U Thaung Tun, head of MIFER, said Myanmar received US$4.15 billion in FDI during 2018-19 and the country has so far approved $4.39 billion in FDI in the first eight months of this fiscal year, which began in October. Based on investment data, U Thaung Tun said he believes the country will meet its FDI target of US$5.8 billion for this year.
The Myanmar Invest Commission (MIC) recently approved industrial projects proposed by investors from Thailand and South Korea that will reportedly mitigate the impact of COVID-19 and create jobs for those who have been laid off because of the coronavirus, according to MIFER.
According to the Directorate of Investment and Company Administration (DICA), as of May 31, Singapore is currently Myanmar’s largest investor, driving 27 percent of total investments. China came in second, followed by Thailand and Hong Kong.
Construction of Korea-Myanmar Industrial Complex to begin
The Korea-Myanmar Industrial Complex, the first of its kind in the economic cooperation between the Korean and Myanmar governments, is expected to get off the ground before the end of this year in Hlegu Township, Yangon Region, according to the Ministry of Information.
The industrial zone was originally to be implemented in two phases, with the first running from 2019 to 2021 and the second from 2022 to 2024.
Korea-Myanmar Industrial Complex Development Co, a joint venture between Myanmar’s Ministry of Construction, the Korea Land and Housing Corporation and Global Sae-A Co Ltd, will implement the project.
The total estimated cost is US$110 million, with the first phase alone worth $48.5 million, according to a proposal submitted to the MIC.
During Korean President Moon Jae-in’s visit to Myanmar in 2019, he said the industrial complex will include garment, textile, construction, telecommunications and other manufacturing factories. Aside from local companies, around 200 Korean companies are expected to invest in the complex, which will focus on the production of export goods.
Myanmar allows foreign banks to own more than a 35 percent stake in local banks
The CBM said it will allow foreign banks to own more than a 35 percent stake in local private banks, as some of Asia’s economic powerhouses eye investments in the country’s banking sector.
CBM Deputy Chair U Soe Win said CBM has instructed local private banks that they can accept investments from foreign banks in more than 35 percent of total shares.

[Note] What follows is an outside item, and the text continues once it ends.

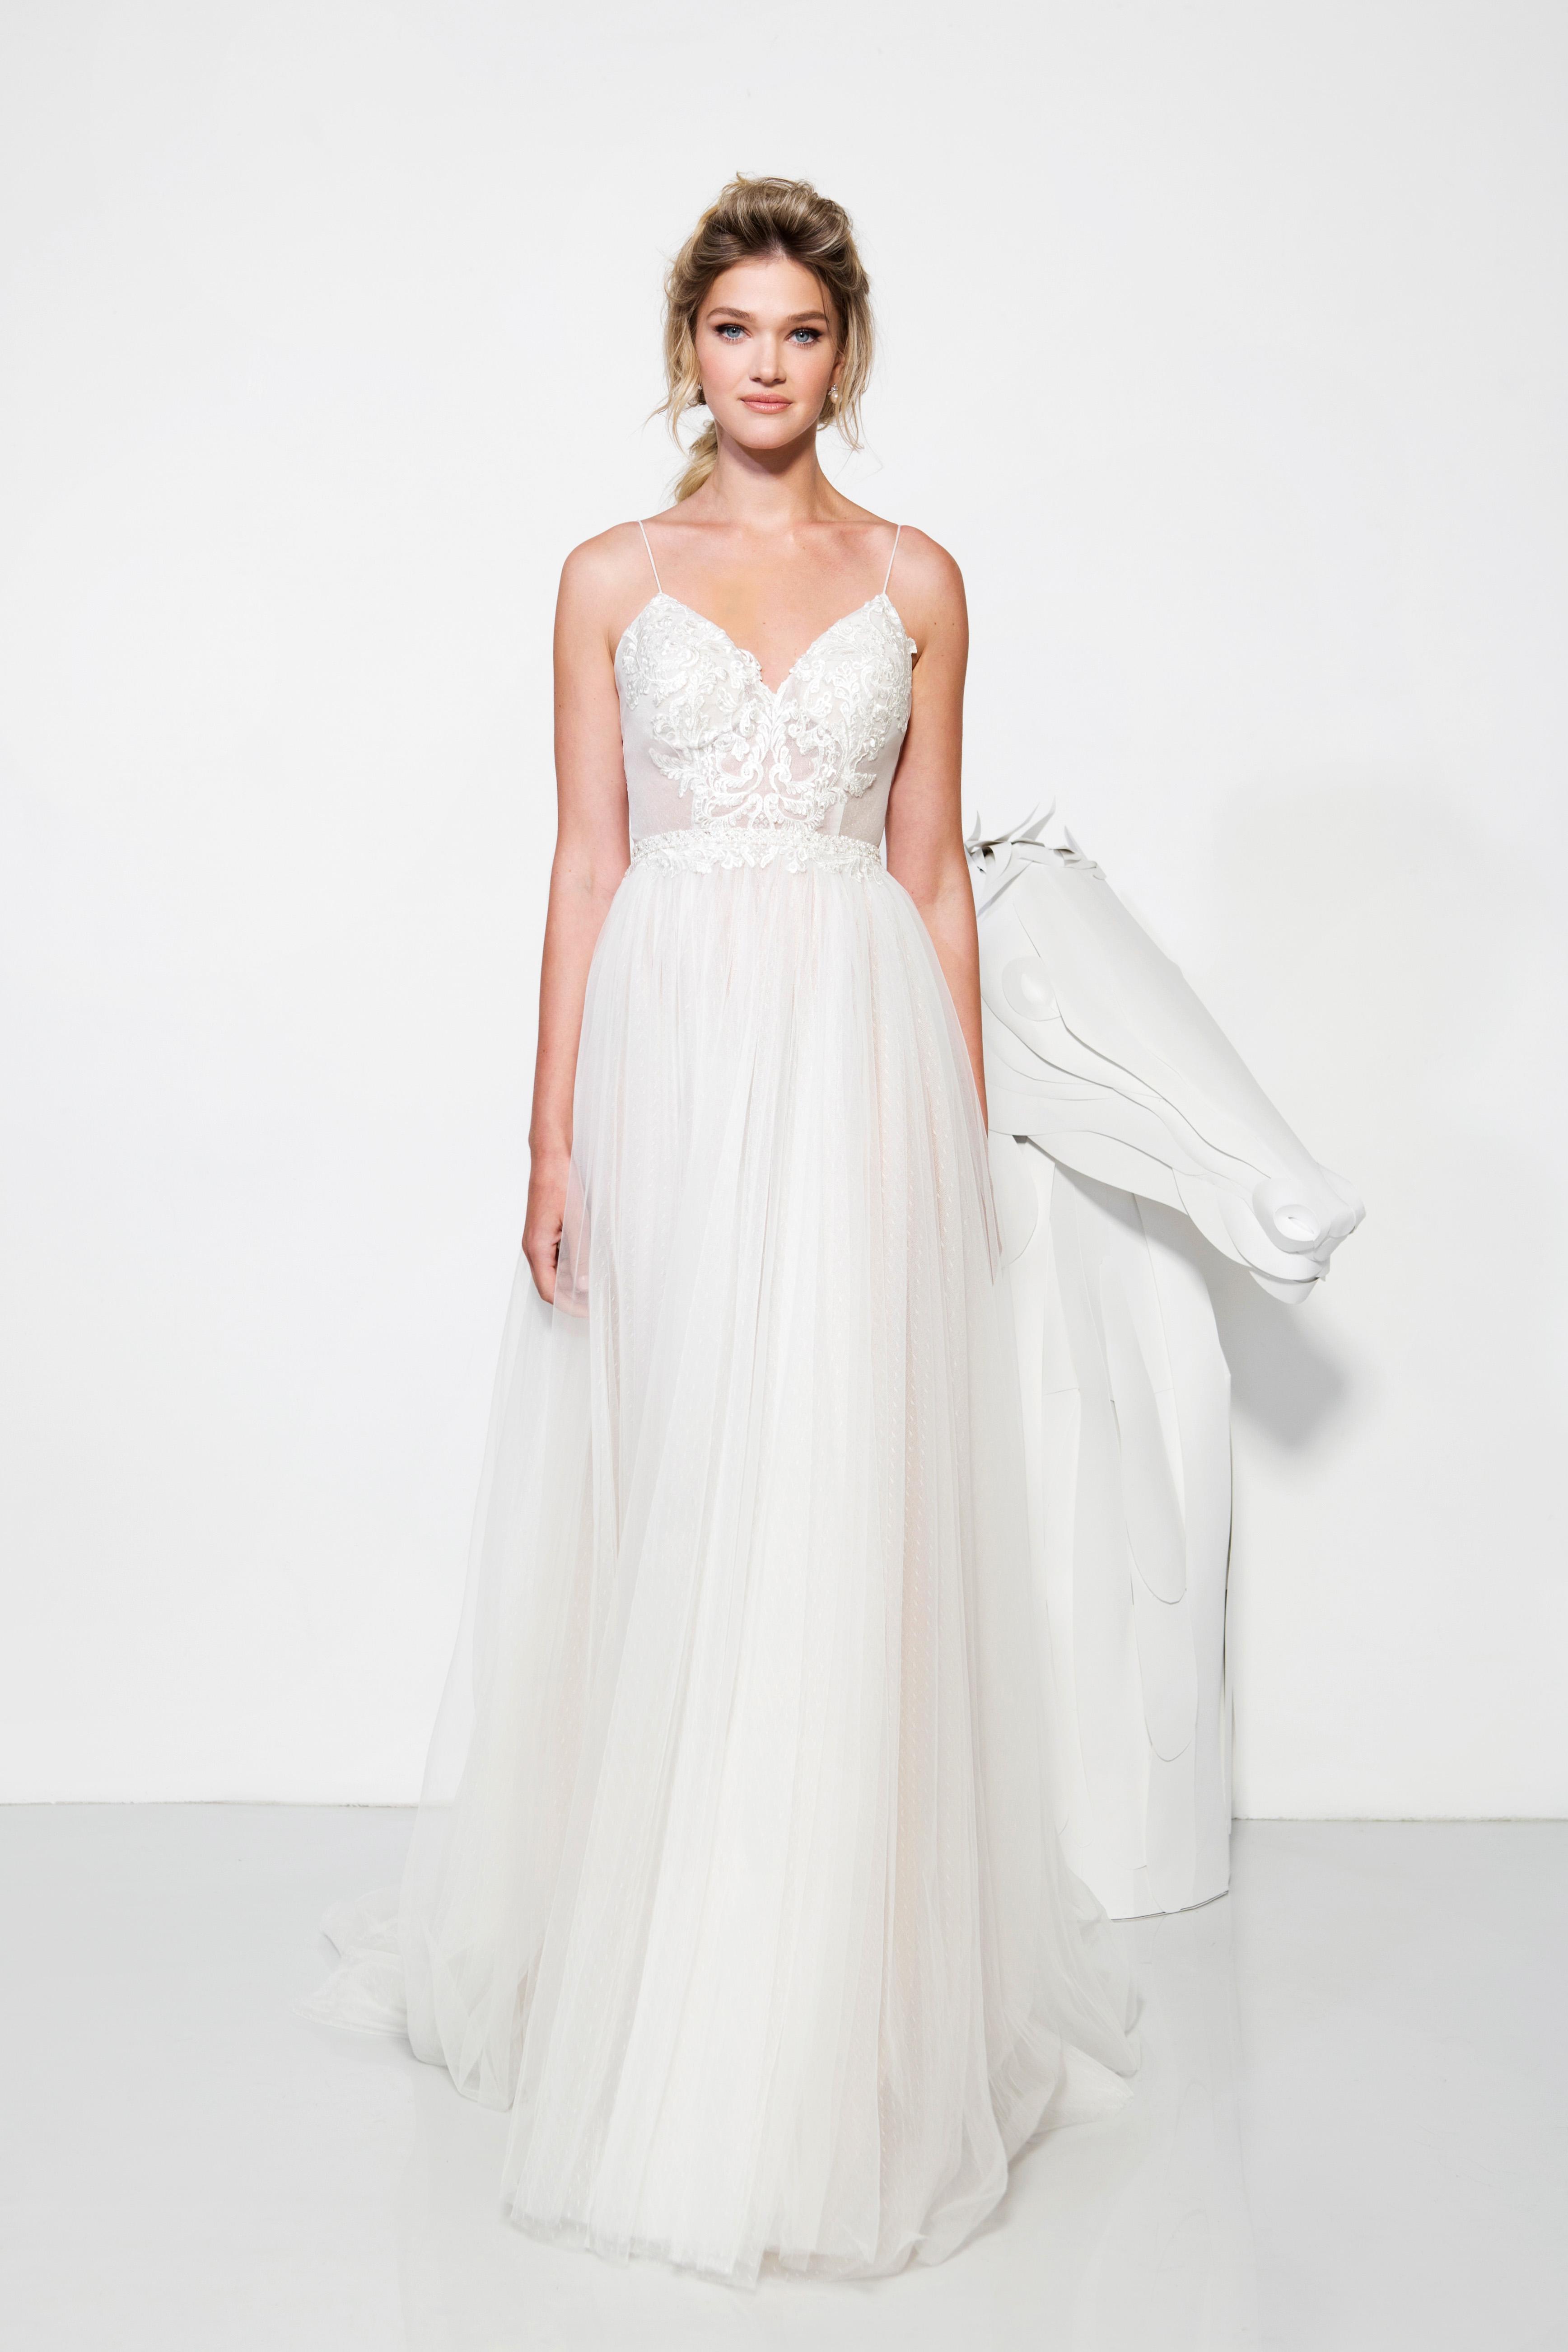 lavish by yaniv persy wedding dress spring 2019 spaghetti straps a-line tulle

In January, CBM allowed foreign banks to buy up to 35 percent of shares from local private banks. In April, it approved a bid by Thailand’s Kasikorn Bank for a 35 percent stake in Myanmar’s Ayeyarwaddy Farmers Development Bank (A Bank). It also approved licenses for a total of seven foreign banks to open branches in Myanmar: the Hong Kong-listed Bank of China; Cathay United Bank and Mega International Commercial Bank from Taiwan; Industrial Bank of Korea, KB Bank and Korea Development Bank from South Korea; and SIAM Bank from Thailand.
Government announces support program for farmers
The head of Ministry of Agriculture, Livestock and Irrigation (MOALI) said they plan to use 92.61 billion kyats (US$66.1 million) to support the recovery of the agriculture and livestock sectors from the COVID-19 pandemic.

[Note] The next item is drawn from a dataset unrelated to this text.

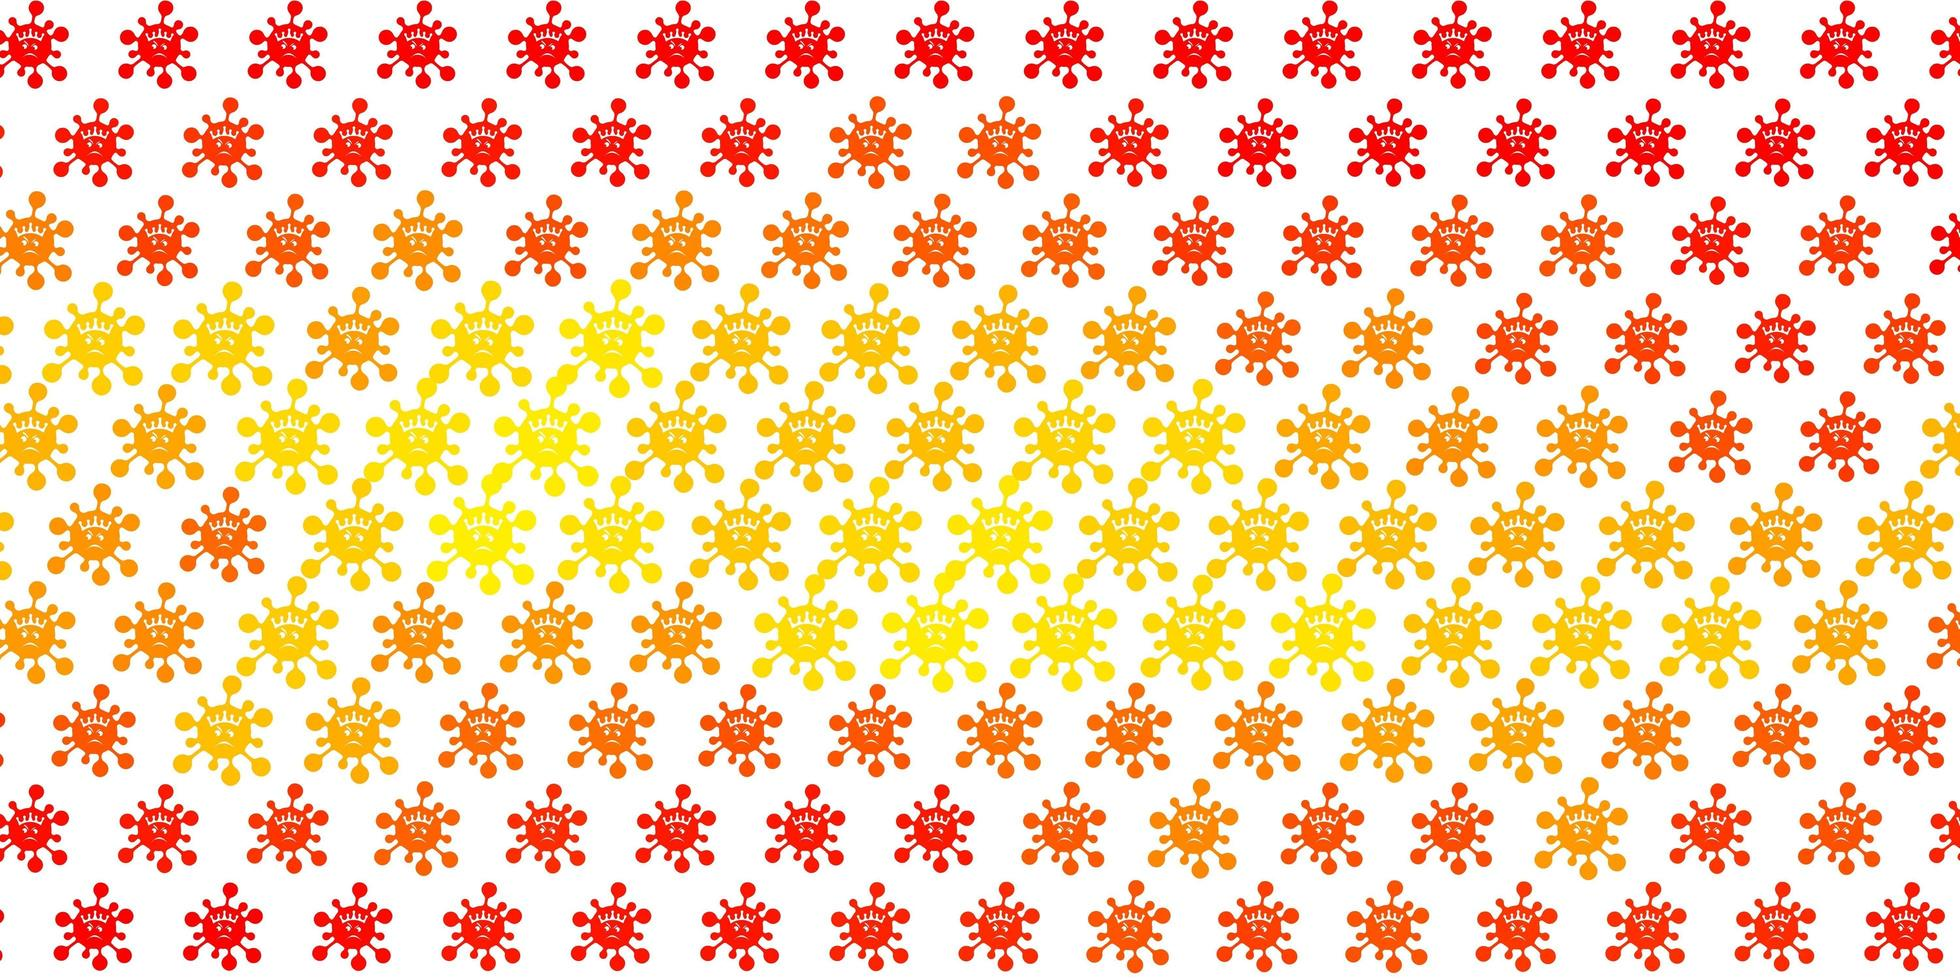 fundo laranja claro com símbolos covid-19 vetor

The agriculture sector’s sales have been badly hit by COVID-19, especially due to travel restrictions, the significant slowdown of trade flows, lack of demand from regular buyers and policy changes in Myanmar’s largest trade partner countries.

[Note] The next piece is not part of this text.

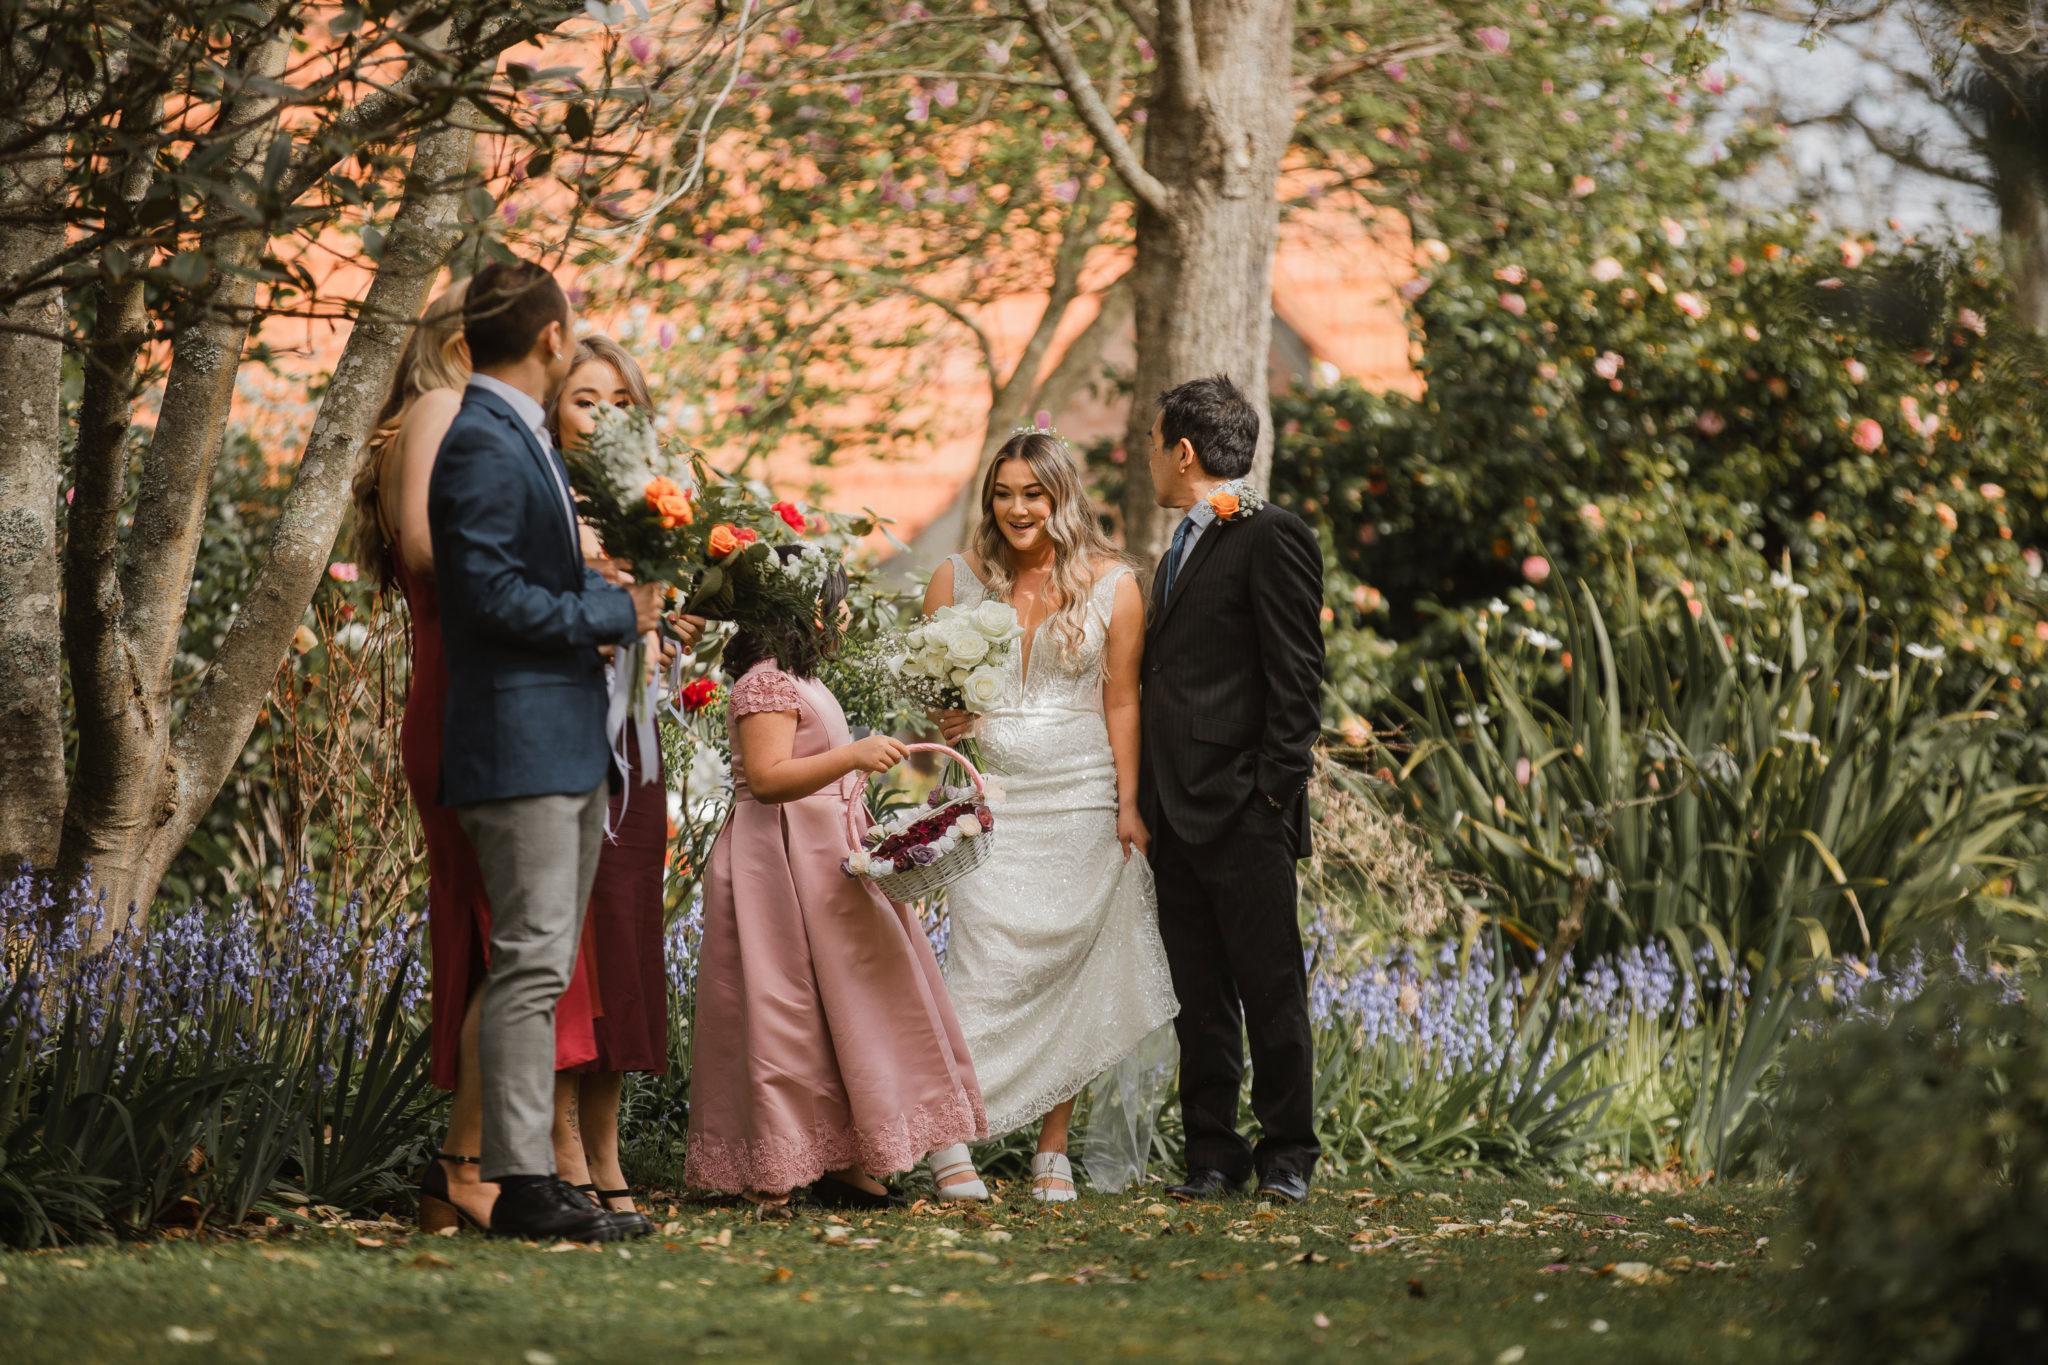 auckland bridal party arrive at wedding venue

MOALI said it will spend 14.91 billion kyats (US$10.6 million) to support 100,000 acres of paddy seed production under a contract farming system in 287 townships. It will also provide 42 billion kyats for village-level funding, 25.5 billion kyats for the distribution of agricultural machinery in 11 states and regions and 6 billion kyats for fish breeding programs.
Recently, MOPFI also announced a special loan program for farmers to mitigate the impacts of COVID-19.